Mapping HTTP requests to HTTP responses

Question

If I make multiple HTTP Get Requests to the same server and get HTTP 200 OK responses to each one how do I tell which request maps to which response using Wireshark?

Cur

Answer 1

While I was googling for a complete different question, I saw this one and I think I can provide a more complete answer :

HTTP dictates that responses must arrive in the order they were requested, Therefore, if you are looking at a single TCP connection at a given time you should be seeing :

Request ; Response ; Request ; Response ...

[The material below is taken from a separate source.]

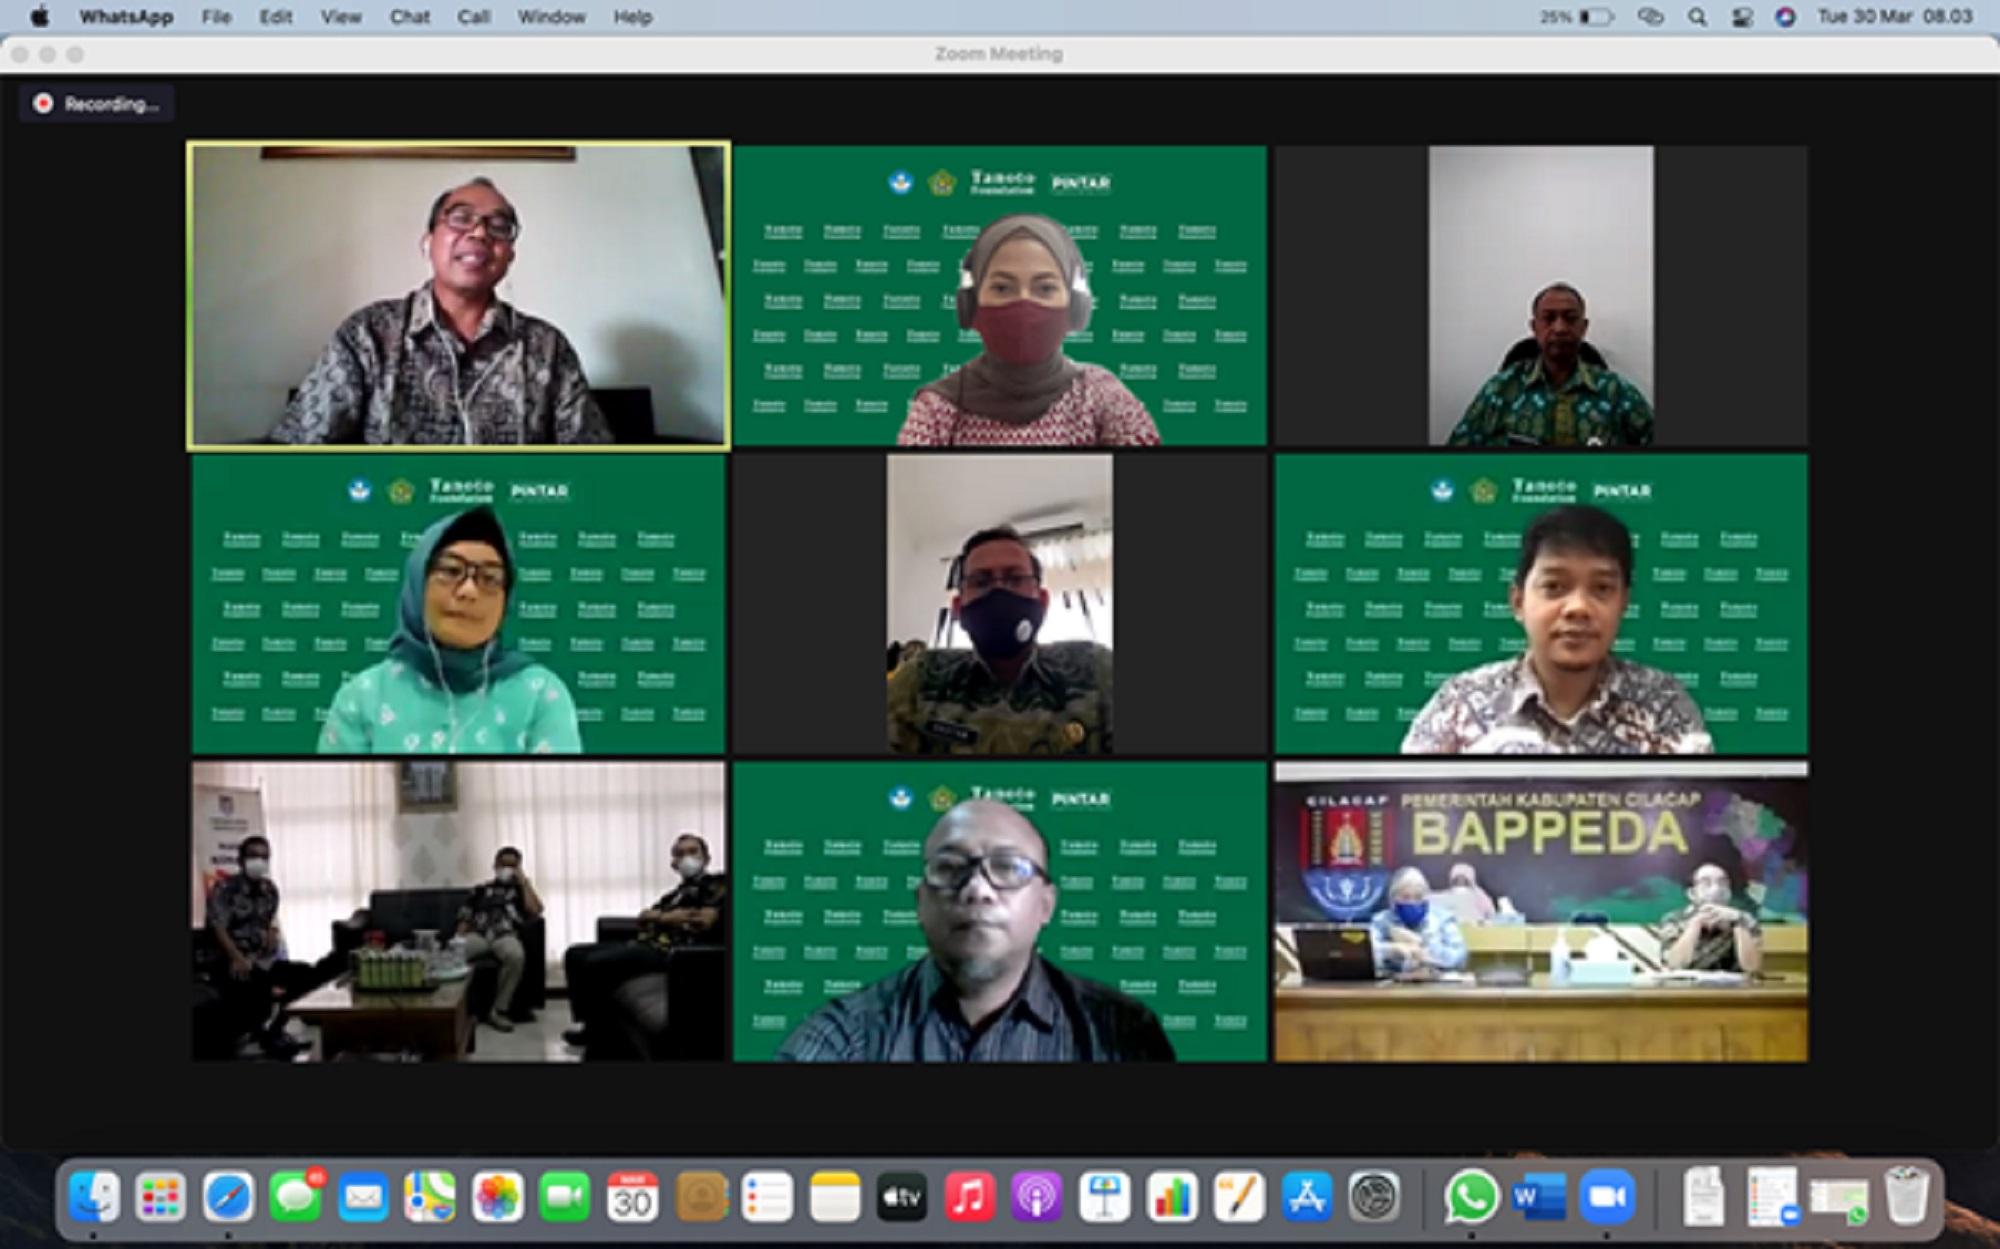 Peserta diskusi dari unsur Setda, Bappeda, Dinas Pendidikan, dan Perwakilan Tanoto Foundation.
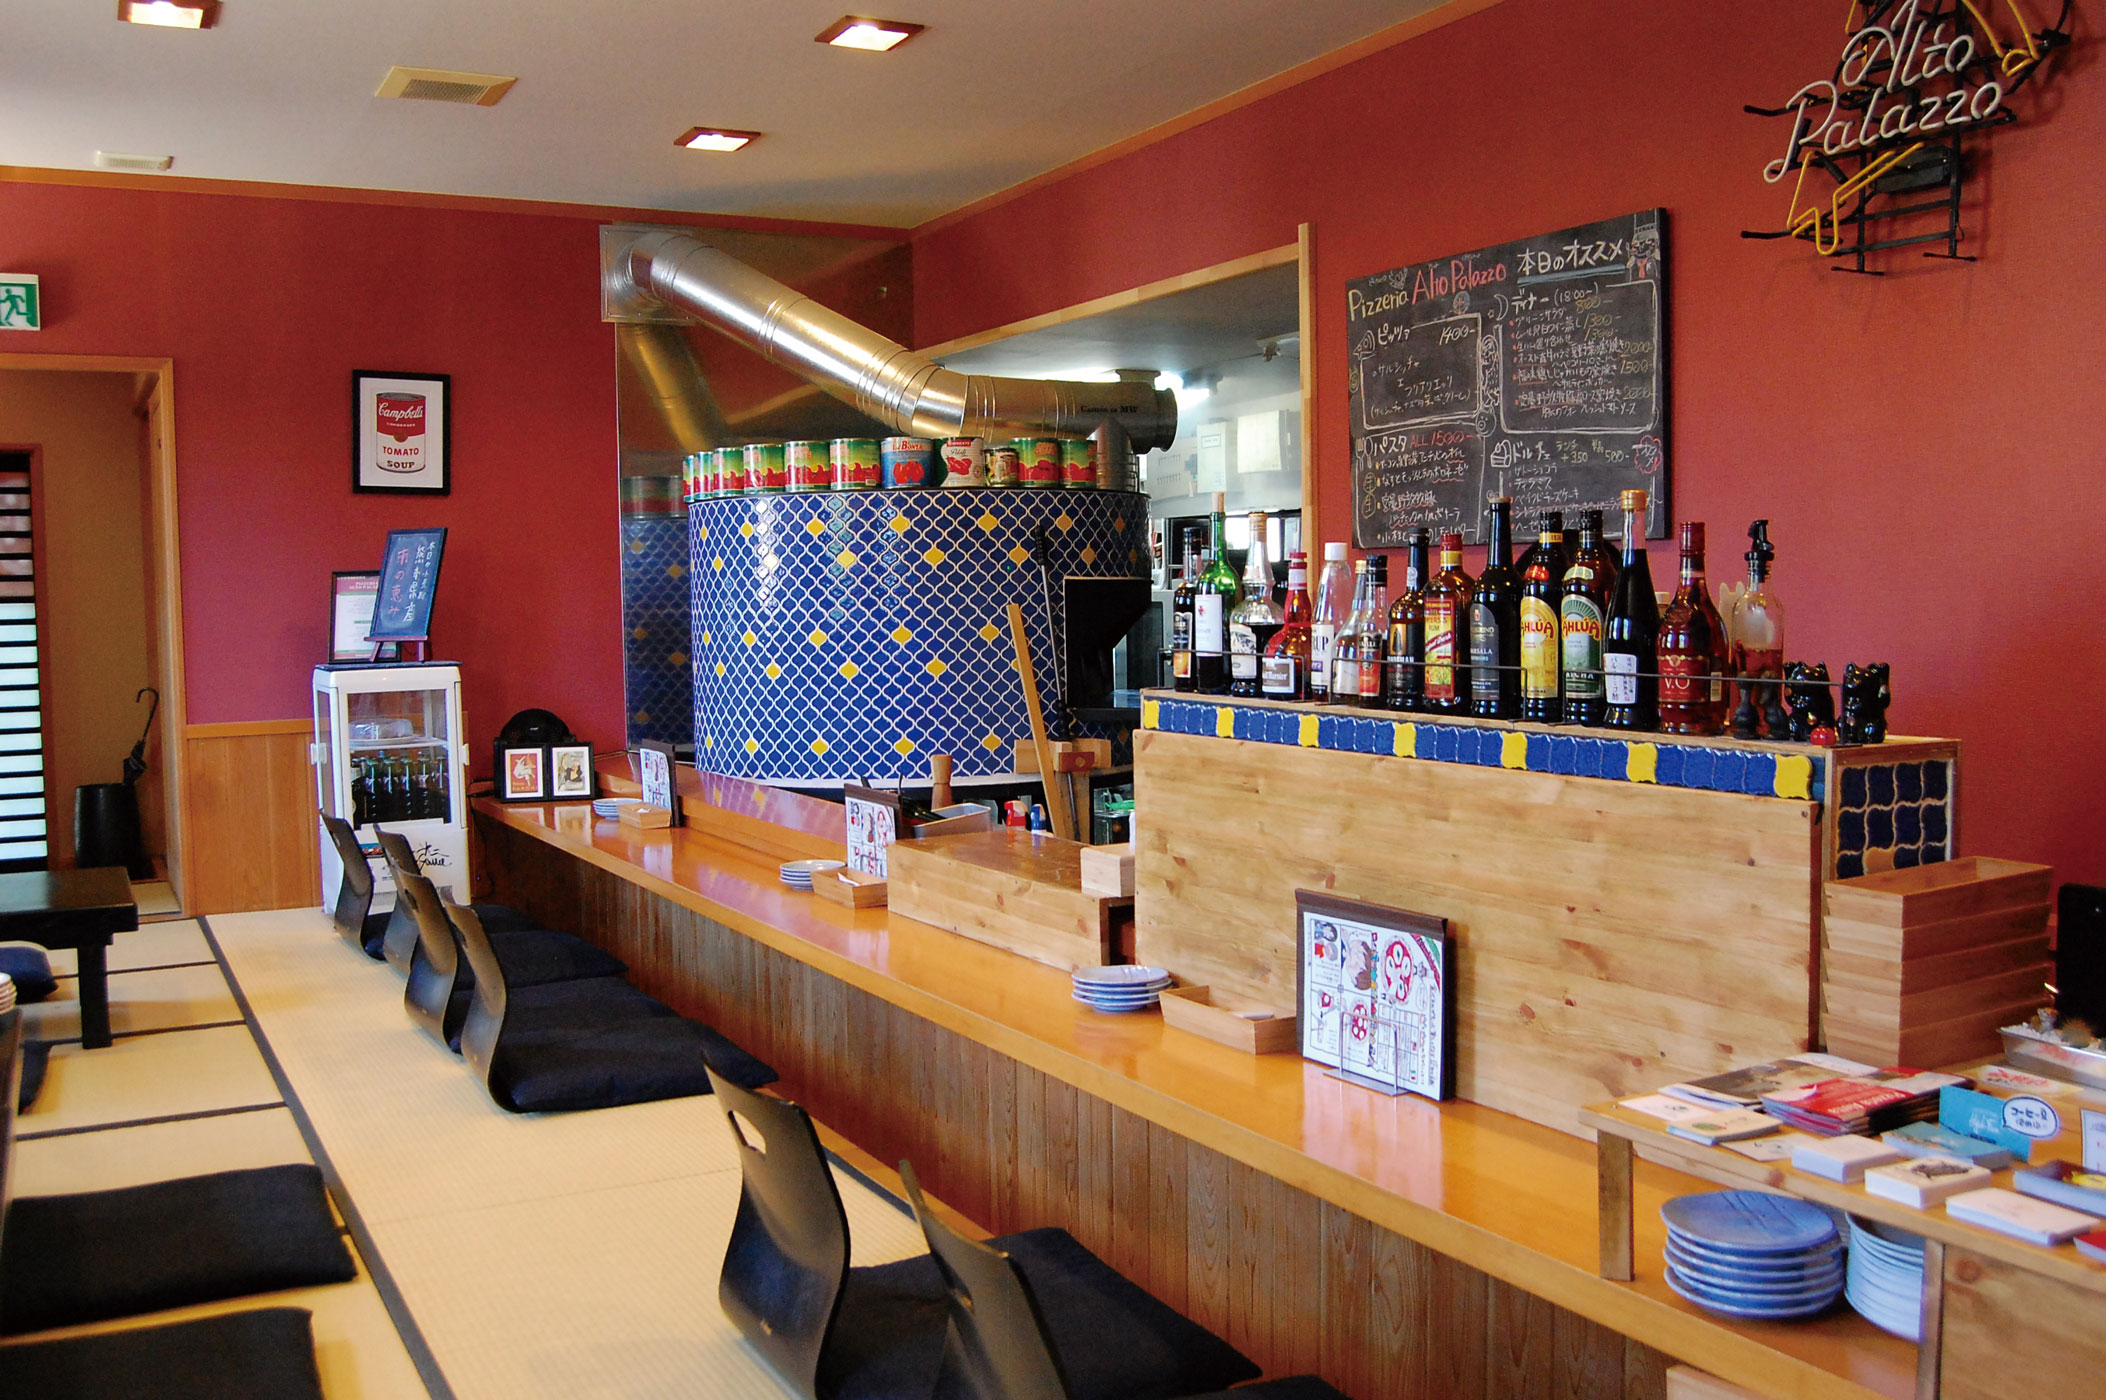 和食店を改装した畳敷きの店内。奥に見えるのが石窯。店内の一角にはキッズスペースや子どもイス、レジャーシートの用意もあります

Also in HTTP/1.1, there is support for "Pipeline" where the client doesn't have to wait for responses to arrive in order to issue the next request. What could be observed in such cases is :

Request ; Response ; Request ; Request ; Response ; Response ; Request ; Response

In the HTTP response itself, there is no reference to the specific request that triggered it.

Filipo's suggestion is classic when debugging / observing a single TCP connection, but, when observing multiple TCP connections, you can't click the follow TCP Stream because you'd have to do it for each connection.

If you have many TCP connections, and many requests/responses you will have to look at TCP Source port in the request packet, and the TCP dest port in the response packet to know which response is related to each tcp connection, and then apply the HTTP request/response order rules.

Also, Wireshark CAN decompress the response body, and it will do it automatically if all the response body has arrived, but it will do so NOT in the Follow TCP Stream.

I always use Wireshark to debug HTTP.